* Problem requirements *
Would it be possible to output exactly, and only, the lines below from the one holding "Fetty Wap feat. Monty - My Way - 1080p" to the last line, both included, with every picture left out?

* Source data *

*** Begin section ***

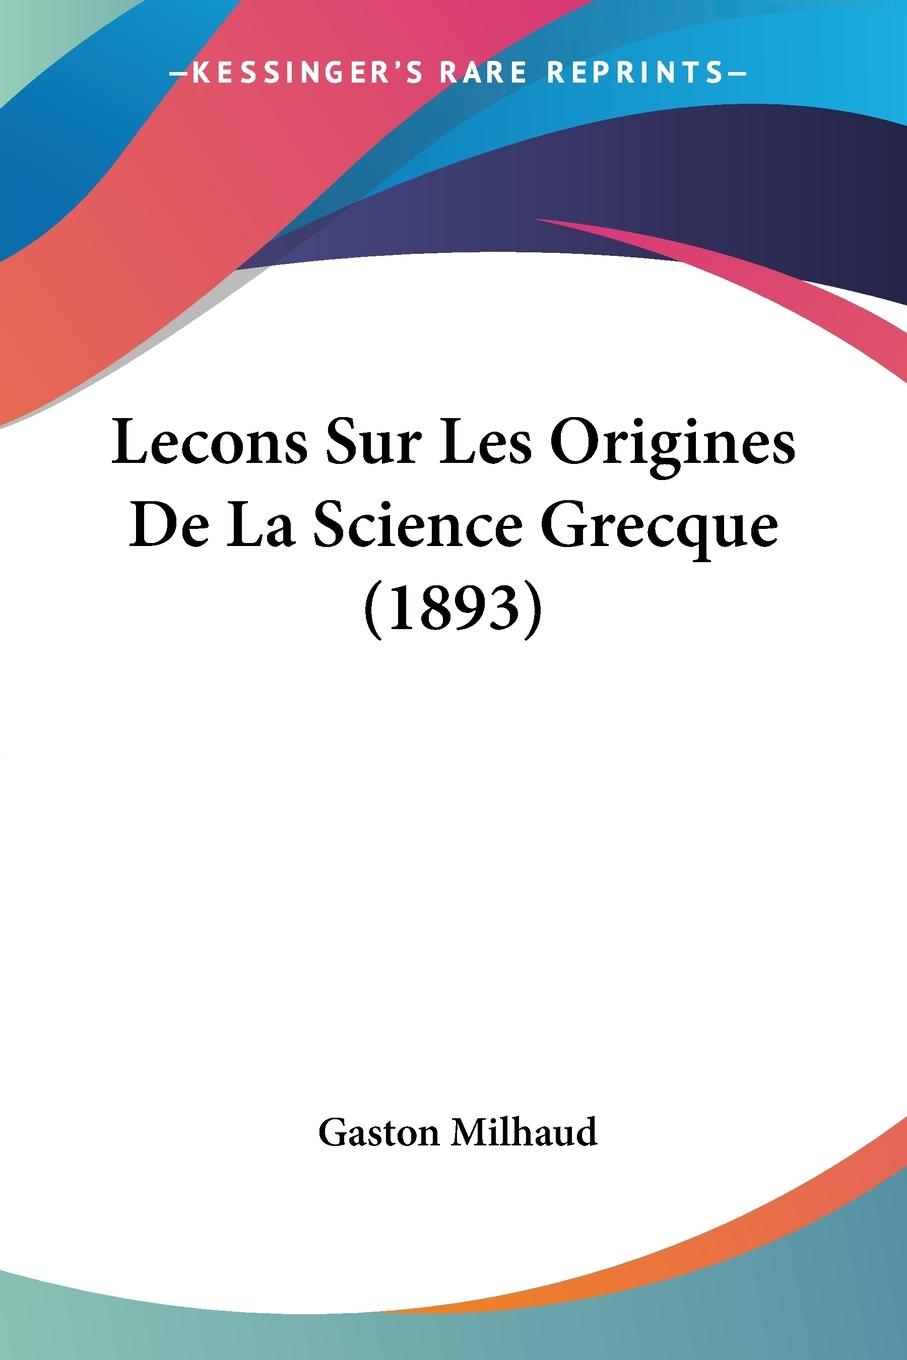 Lecons Sur Les Origines De La Science Grecque (1893) - Milhaud, Gaston
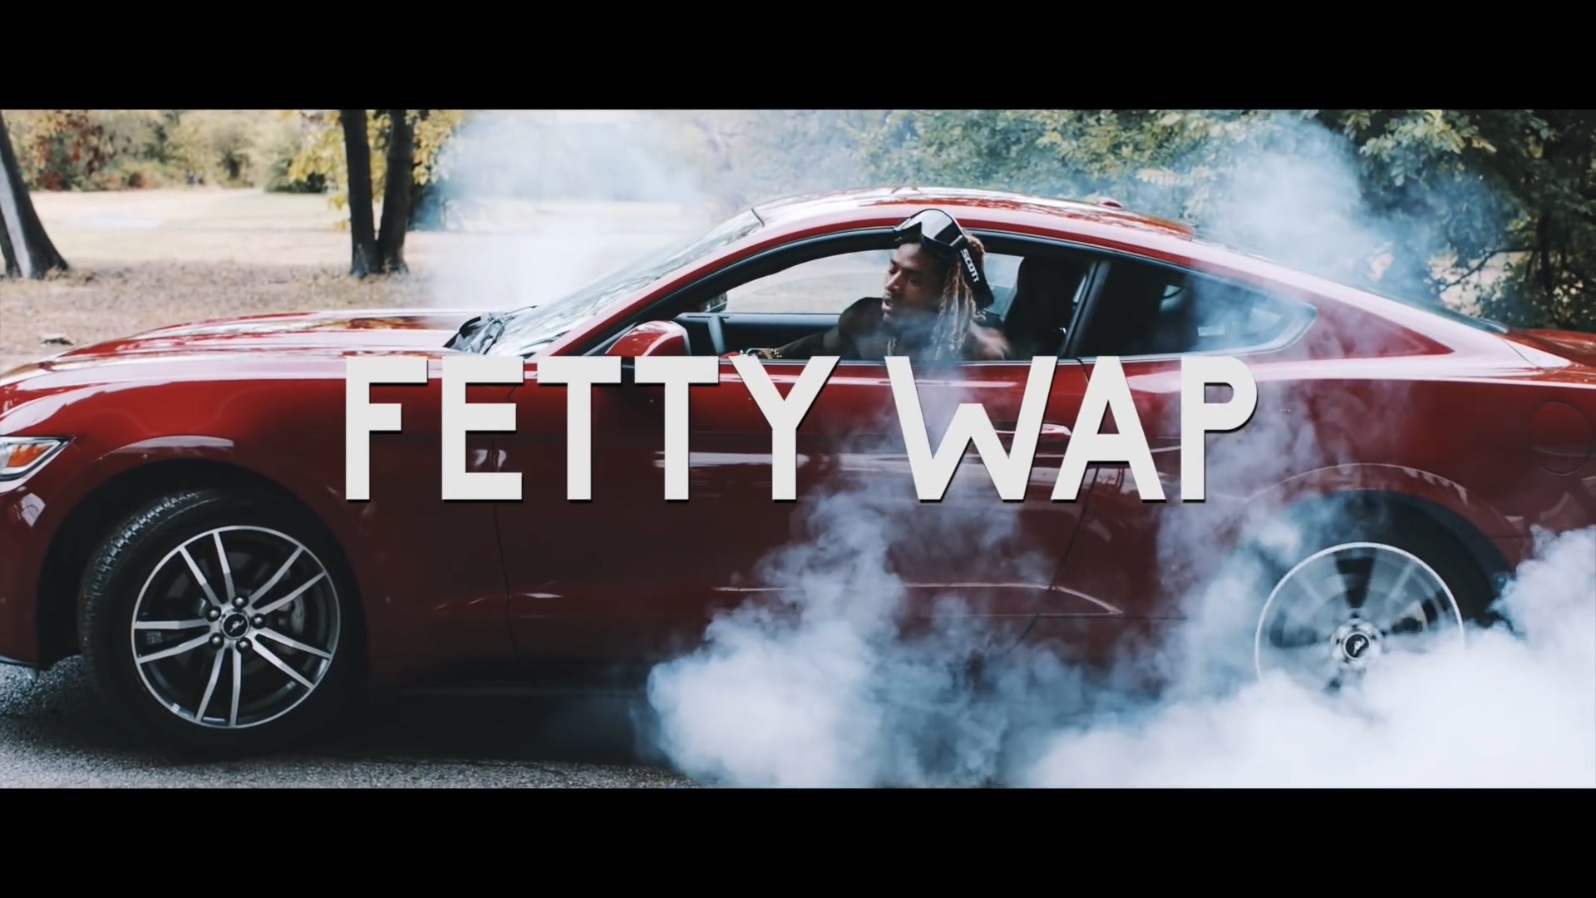 Fetty Wap feat. Monty - My Way - 1080p
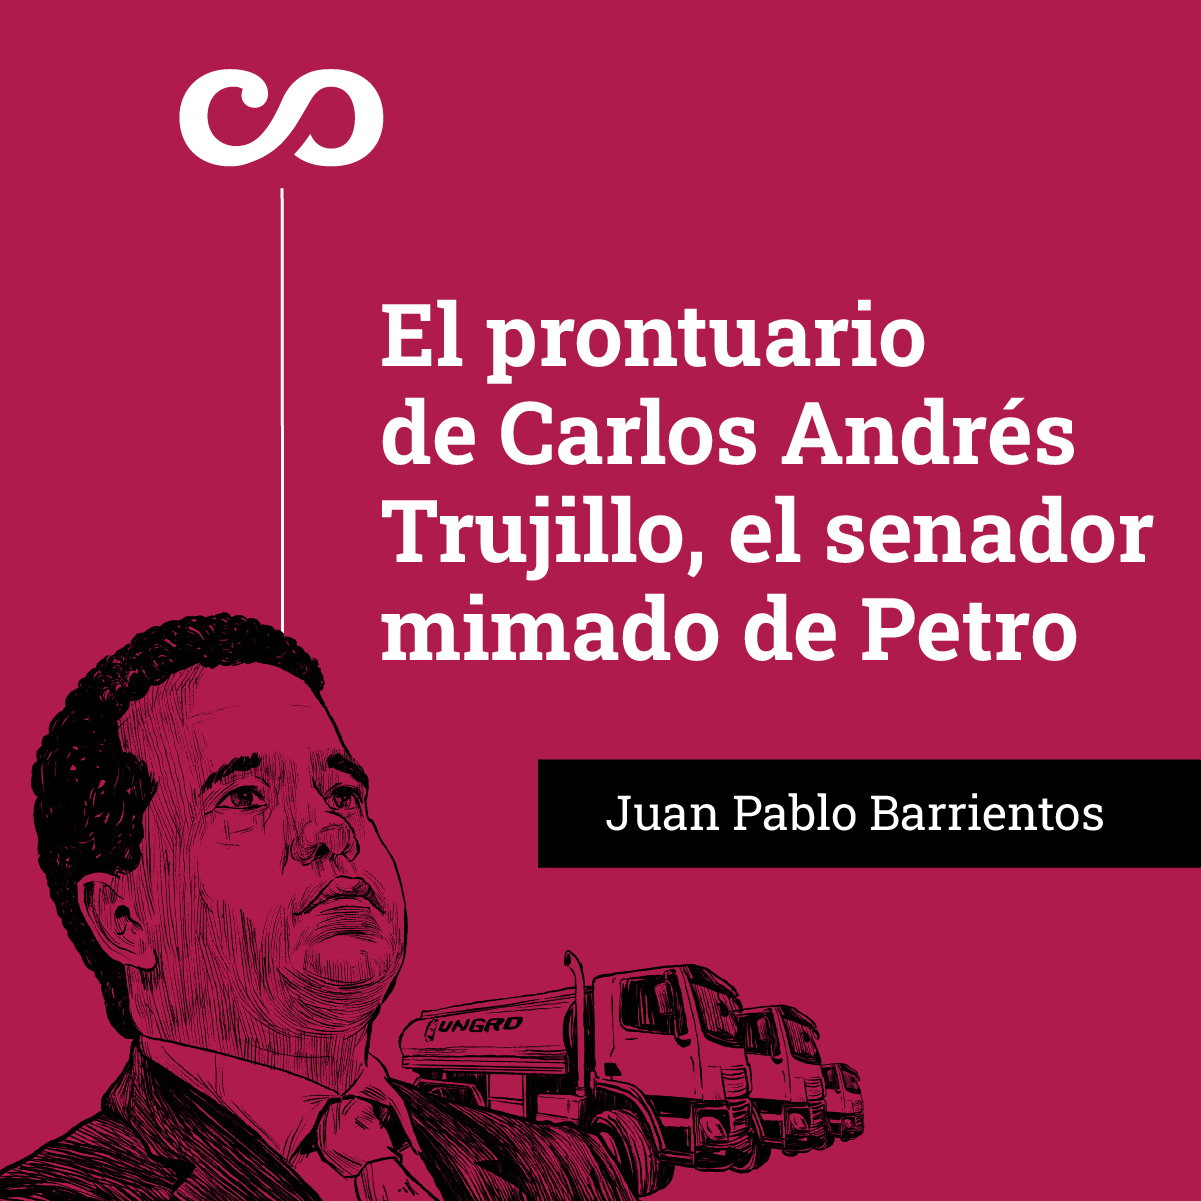 El prontuario de Carlos Andrés Trujillo, el senador mimado de Petro

*** End section ***

* Completed task *
 Fetty Wap feat. Monty - My Way - 1080p
 El prontuario de Carlos Andrés Trujillo, el senador mimado de Petro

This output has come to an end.